By AdNews | 26 March 2025

Credit: Matheus Frade via Unsplash

The federal budget, positioned for the coming national election, had little to help the advertising and media sector other than a potential lift in consumer confidence.

The pitch was pure voter joy, aimed at the hip pocket nerve, a cost-of-living damper, with help for power bills, tax cuts and a freeze on draught beer.

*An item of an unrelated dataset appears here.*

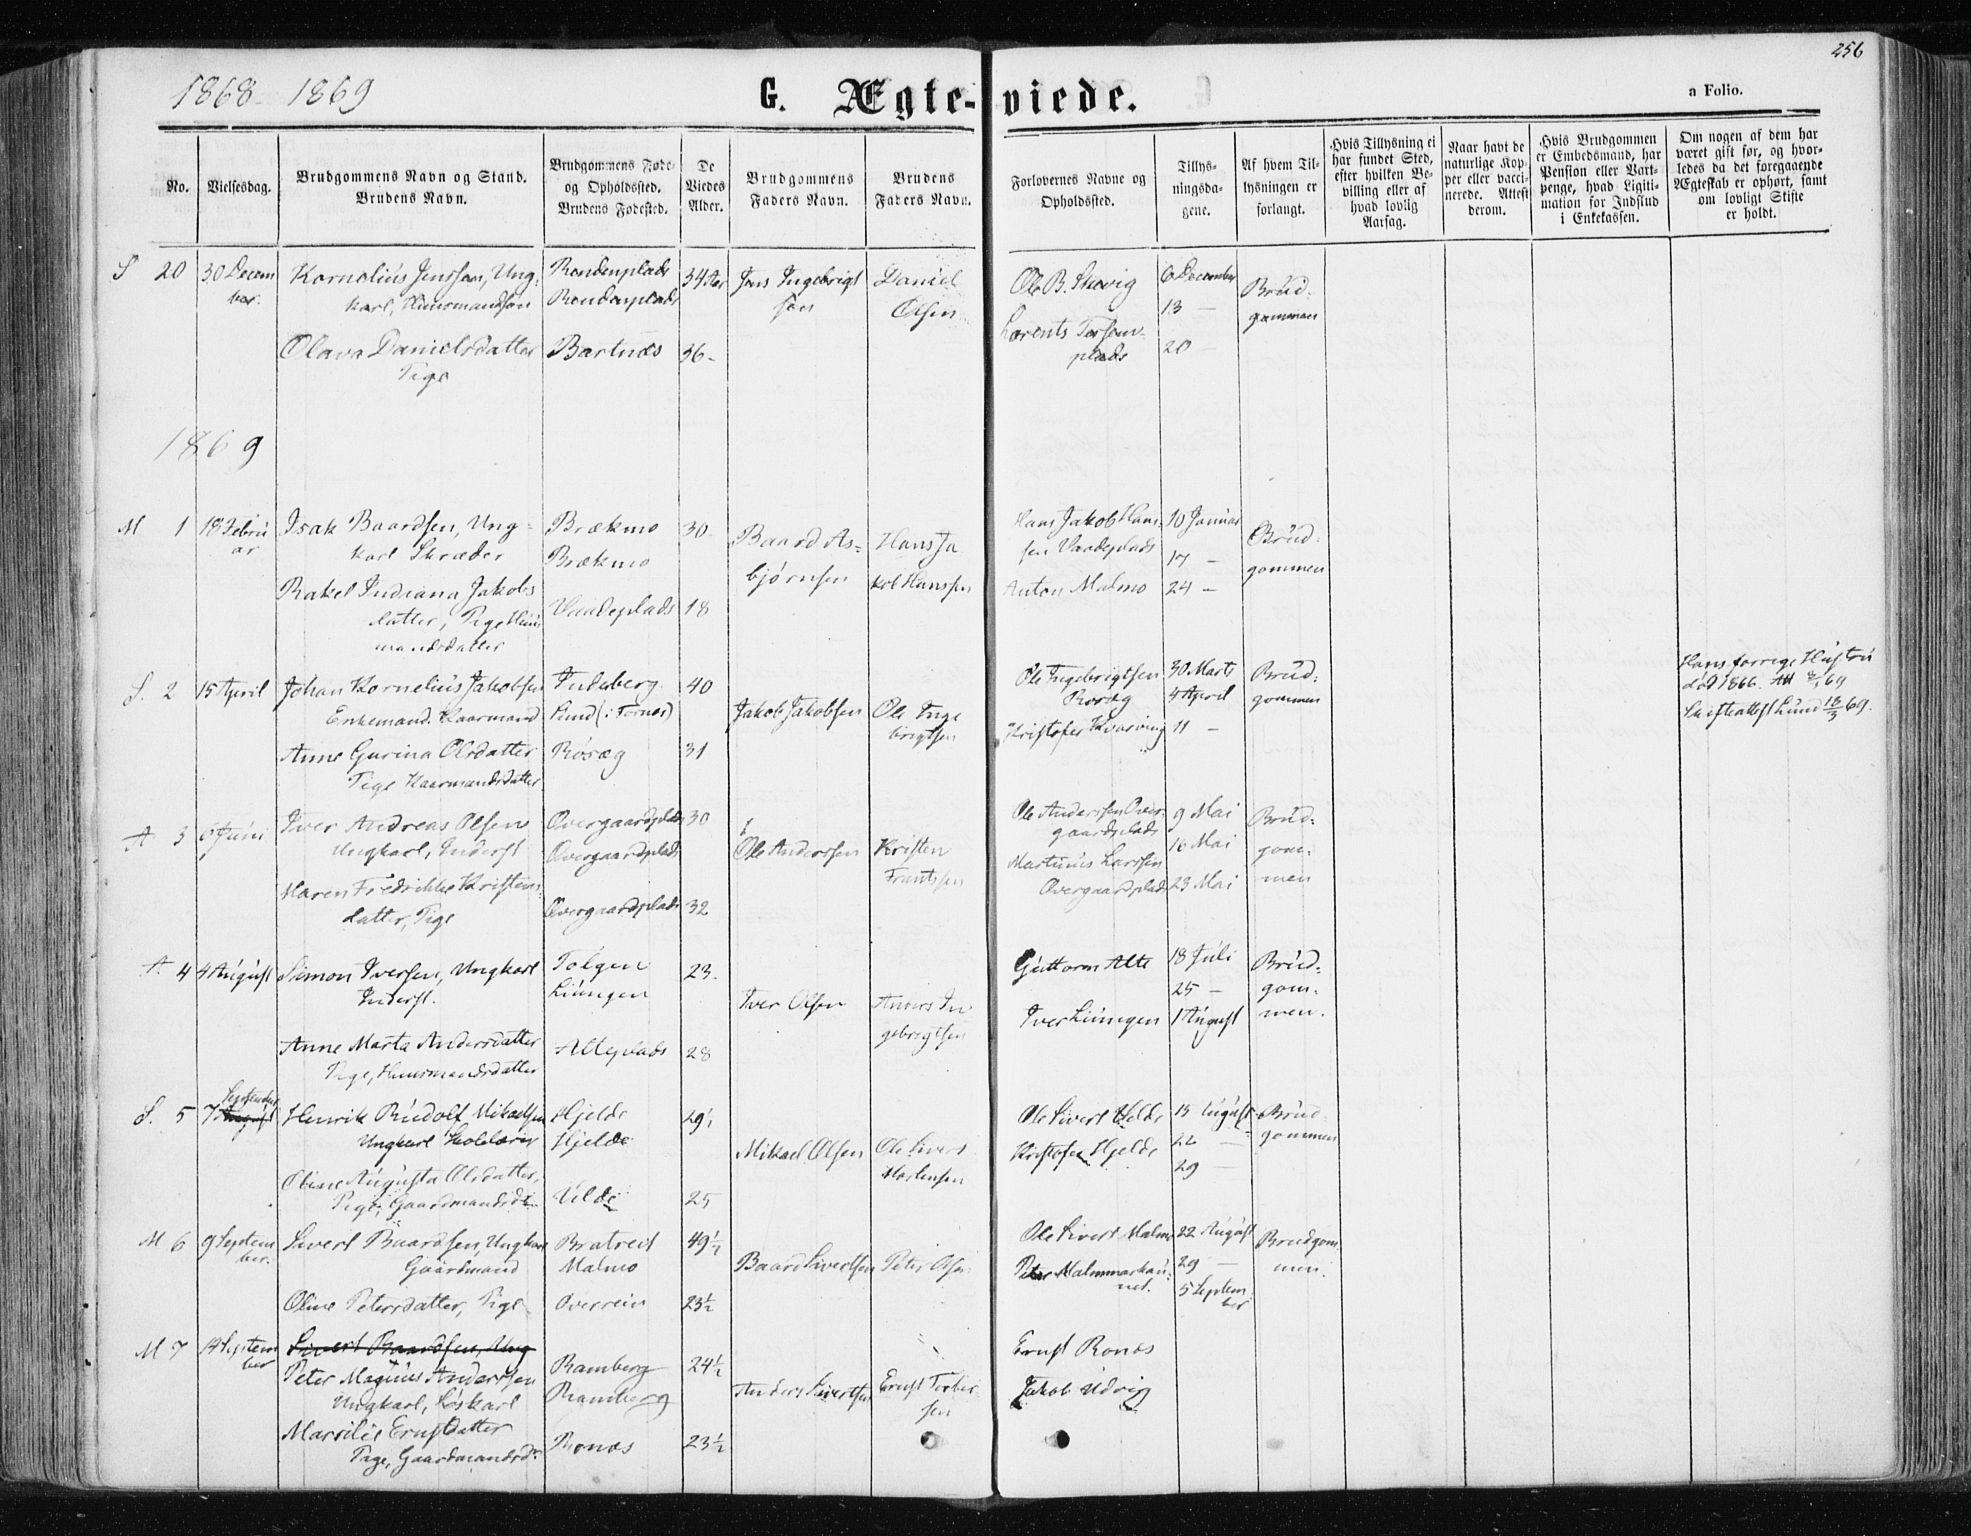 SAT, Ministerialprotokoller, klokkerbøker og fødselsregistre - Nord-Trøndelag, 741/L0394: Ministerialbok nr. 741A08, 1864-1877, s. 256

“There is no golden egg for us,” said media analyst Steve Allen, director of strategy and research at Pearman Media. “Unquestionably, this is an election budget writ large.

“Overall this is good, but certainly not great for marketing and advertising.”

The only mention of media in the budget papers was $10 million next financial year to support independent multicultural media outlets to fast track their transition to sustainable news media. 

“It was disappointing to see a lack of investment in the media and digital economy, particularly at a time when such support is crucial for Australia to remain competitive in a global marketplace increasingly shaped by artificial intelligence,” said Gai Le Roy, CEO of IAB Australia.

“While there were a few announcements with potential minor impacts on the advertising industry—including an equity investment in the NBN to improve access for those with no or slow internet, $60 million in funding to enhance digital and cybersecurity capabilities for small and medium businesses, and a ‘Buy Australia’ campaign with some allocated advertising spend to support local businesses—the overall effect is likely to be limited.

“On a more positive note, the $5 billion commitment to fund a universal early childhood education and care system is encouraging. This kind of investment is key to boosting female workforce participation and addressing broader economic challenges by removing barriers for women and families.

“Increased investment in the OAIC (Office of the Australian Information Commissioner) will help provide resources for an increase in privacy compliance enforcement that has previously been flagged by privacy commissioner Carly Kind.”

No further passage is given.